● WHAT YOU SHOULD DO
Whenever a picture appears in the listing below, leave it out, and copy exactly the lines from the one containing "Eei-2831-whi 4 Piece" through the end.

● PROVIDED MATERIAL
........
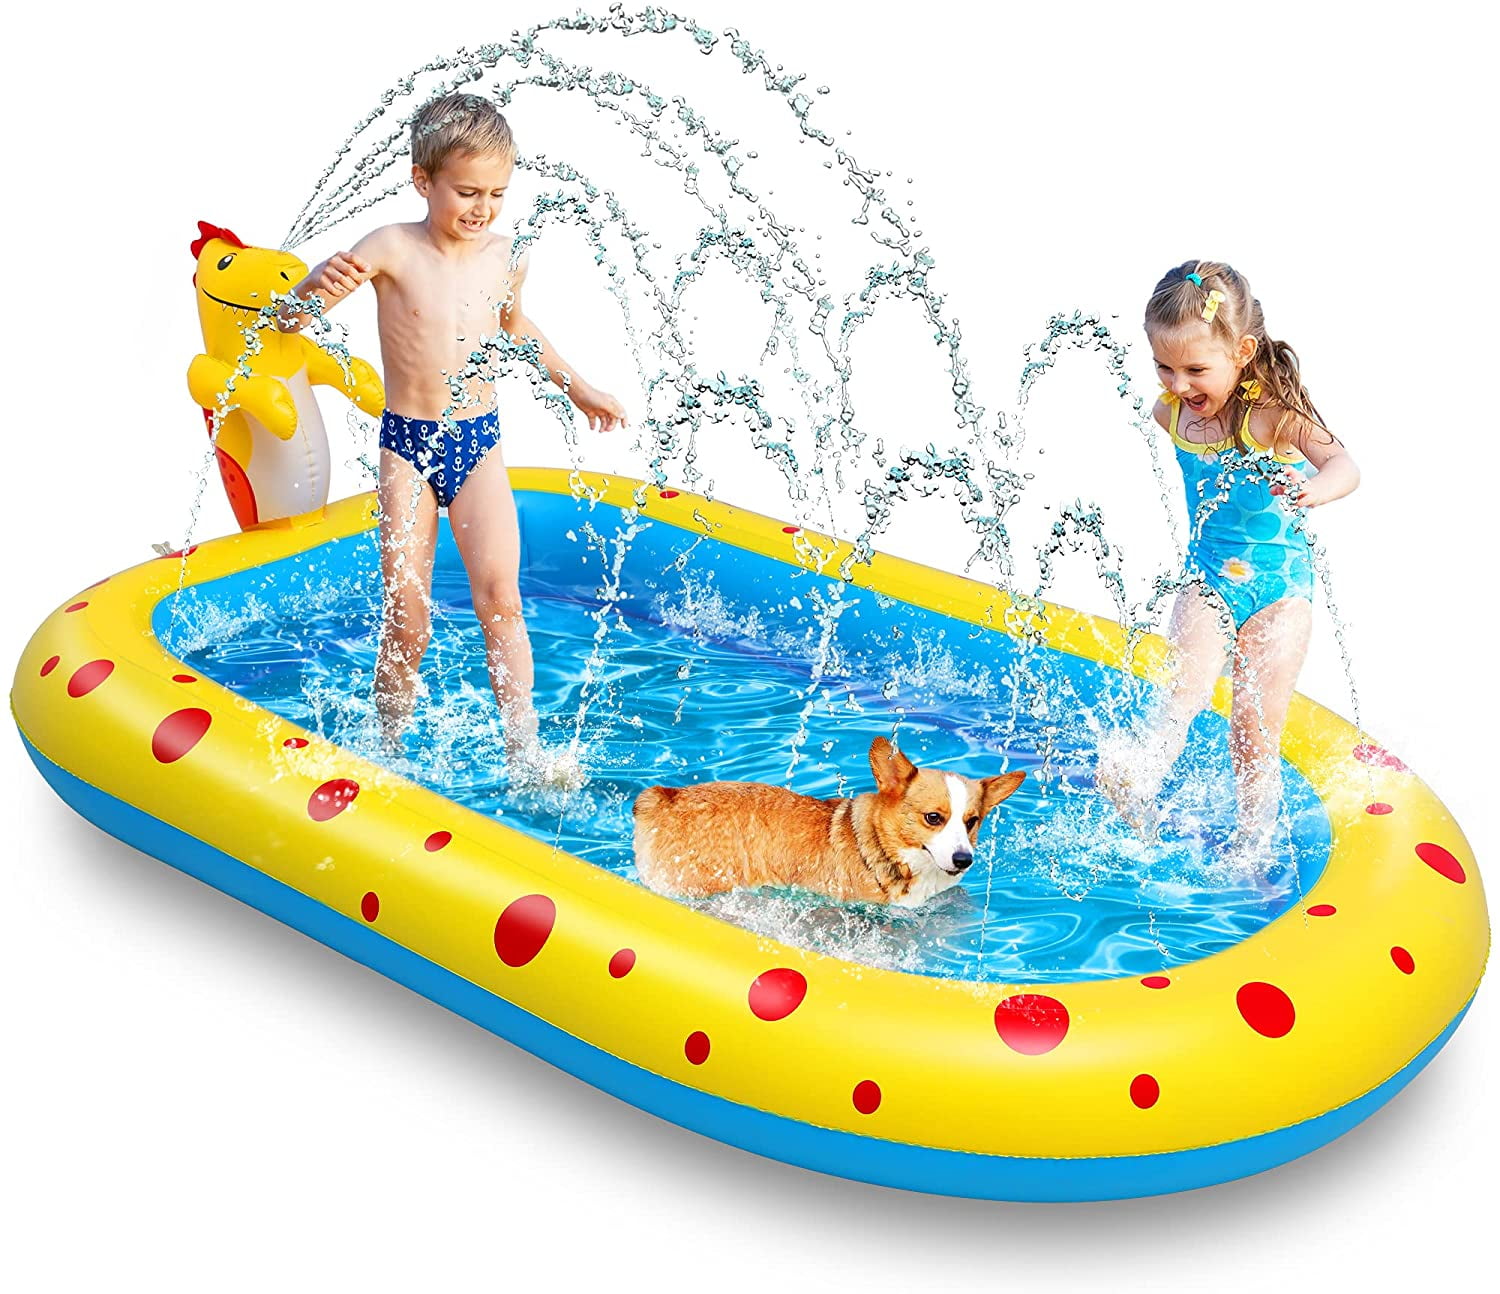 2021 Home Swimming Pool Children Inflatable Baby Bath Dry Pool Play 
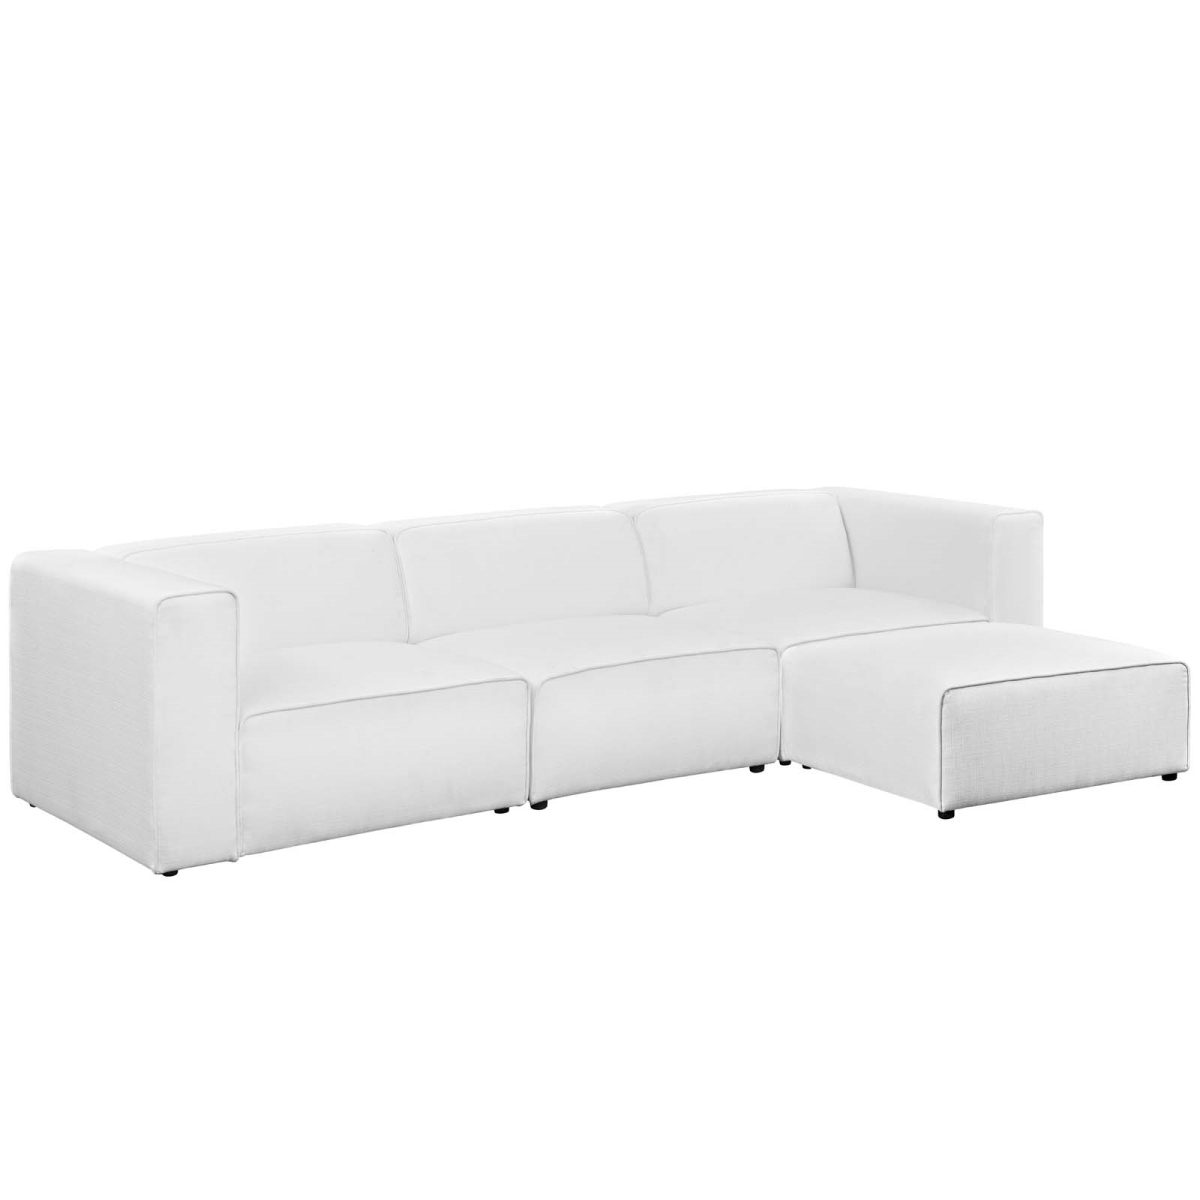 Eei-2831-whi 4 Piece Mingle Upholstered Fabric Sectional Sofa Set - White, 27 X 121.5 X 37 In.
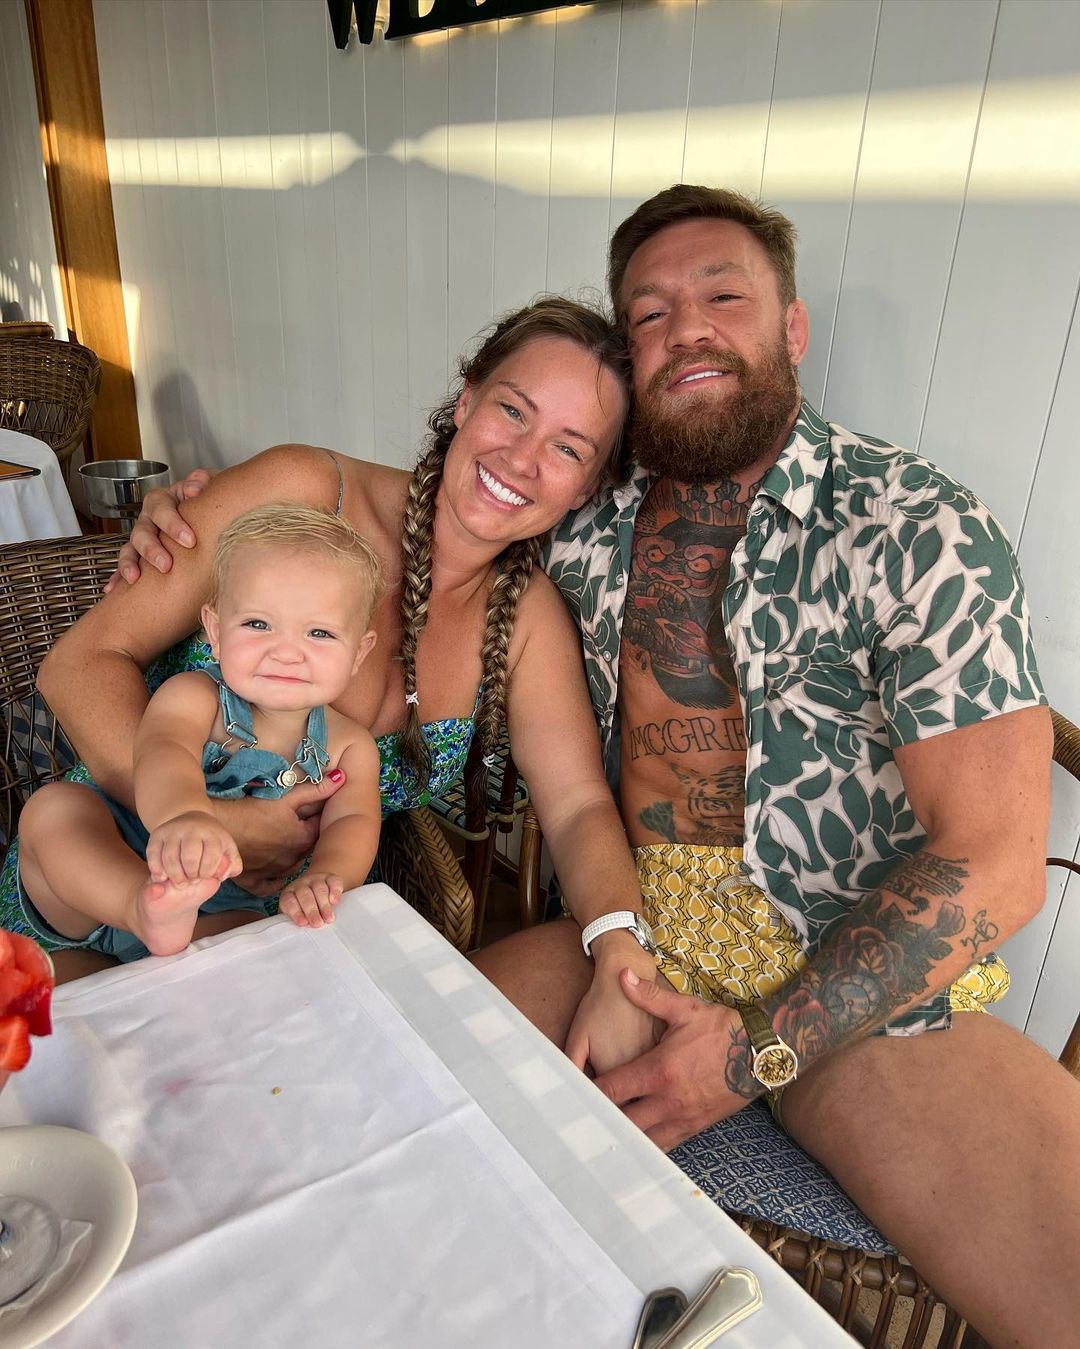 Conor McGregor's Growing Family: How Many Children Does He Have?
........
● SOLUTION TO THIS TASK
 Eei-2831-whi 4 Piece Mingle Upholstered Fabric Sectional Sofa Set - White, 27 X 121.5 X 37 In.
 Conor McGregor's Growing Family: How Many Children Does He Have?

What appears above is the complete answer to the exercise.